The Barcelona Clinic Liver Cancer (BCLC) advanced stage (BCLC C) of hepatocellular carcinoma (HCC) includes a heterogeneous population, where sorafenib alone is the recommended treatment. In this ...study, our aim was to assess treatment and overall survival (OS) of BCLC C patients subclassified according to clinical features (performance status PS, macrovascular invasion MVI, extrahepatic spread EHS or MVI + EHS) determining their allocation to this stage. From the Italian Liver Cancer database, we analyzed 835 consecutive BCLC C patients diagnosed between 2008 and 2014. Patients were subclassified as: PS1 alone (n = 385; 46.1%), PS2 alone (n = 146; 17.5%), MVI (n = 224; 26.8%), EHS (n = 51; 6.1%), and MVI + EHS (n = 29; 3.5%). MVI, EHS, and MVI + EHS patients had larger and multifocal/massive HCCs and higher alpha‐fetoprotein (AFP) levels than PS1 and PS2 patients. Median OS significantly declined from PS1 (38.6 months) to PS2 (22.3 months), EHS (11.2 months), MVI (8.2 months), and MVI + EHS (3.1 months; P < 0.001). Among MVI patients, OS was longer in those with peripheral than with central (portal trunk) MVI (11.2 vs. 7.1 months; P = 0.005). The most frequent treatments were: curative approaches in PS1 (39.7%), supportive therapy in PS2 (41.8%), sorafenib in MVI (39.3%) and EHS (37.3%), and best supportive care in MVI + EHS patients (51.7%).

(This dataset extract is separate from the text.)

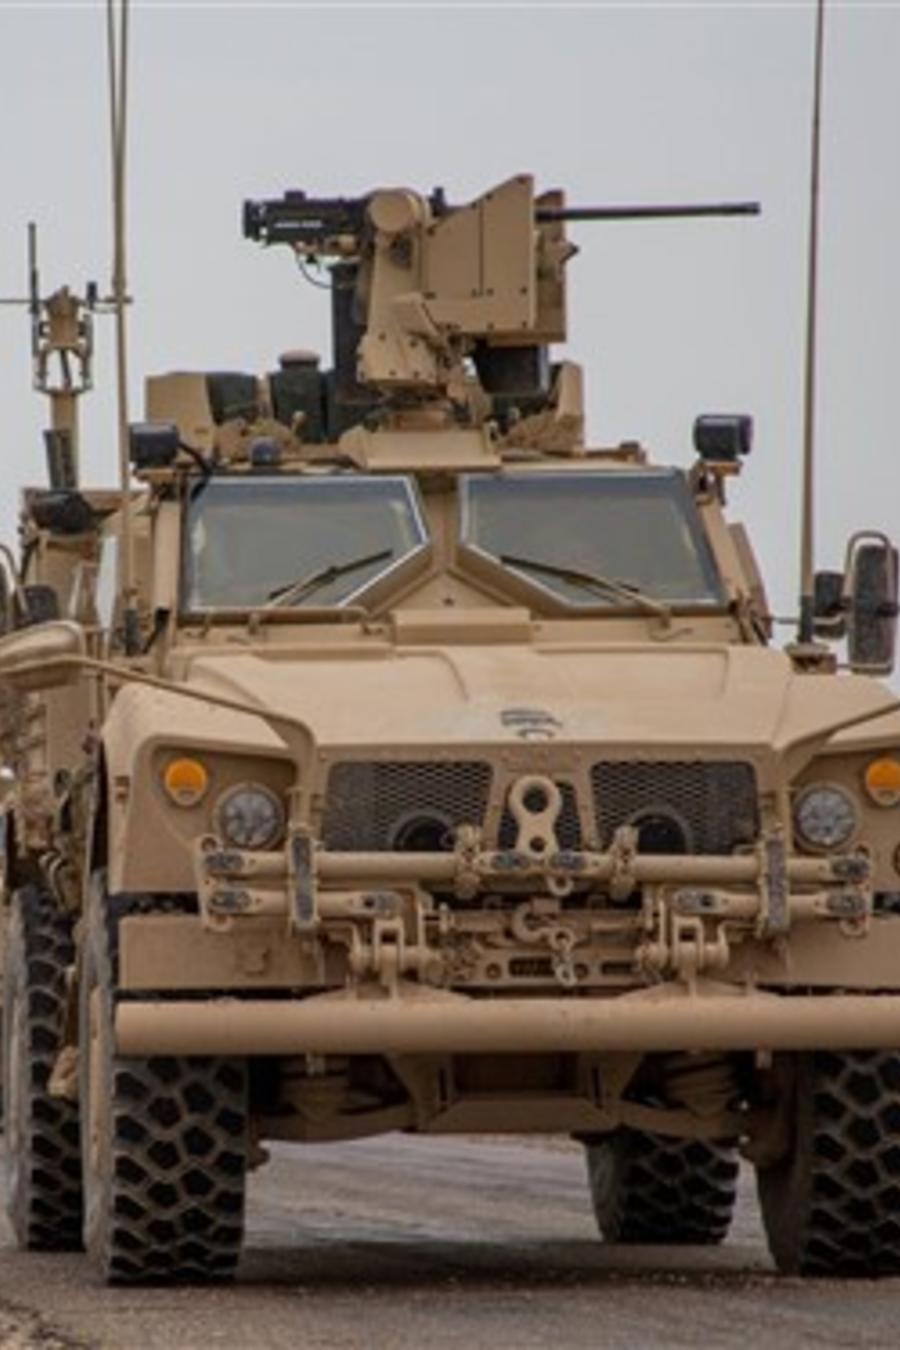 El 22 de noviembre un convoy de vehículos militares en la coalición anti-ISIS viaja en la provincia Deir ez-Zor de Siria/ Archivo de Reuters.

Independent prognostic factors were: Model for End‐stage Liver Disease score, Child‐Pugh class, ascites, platelet count, albumin, tumor size, MVI, EHS, AFP levels, and treatment type. Conclusion: BCLC C stage does not identify patients homogeneous enough to be allocated to a single stage. PS1 alone is not sufficient to include a patient into this stage. The remaining patients should be subclassified according to PS and tumor features, and new patient‐tailored therapeutic indications are needed. (Hepatology 2018;67:1784‐1796).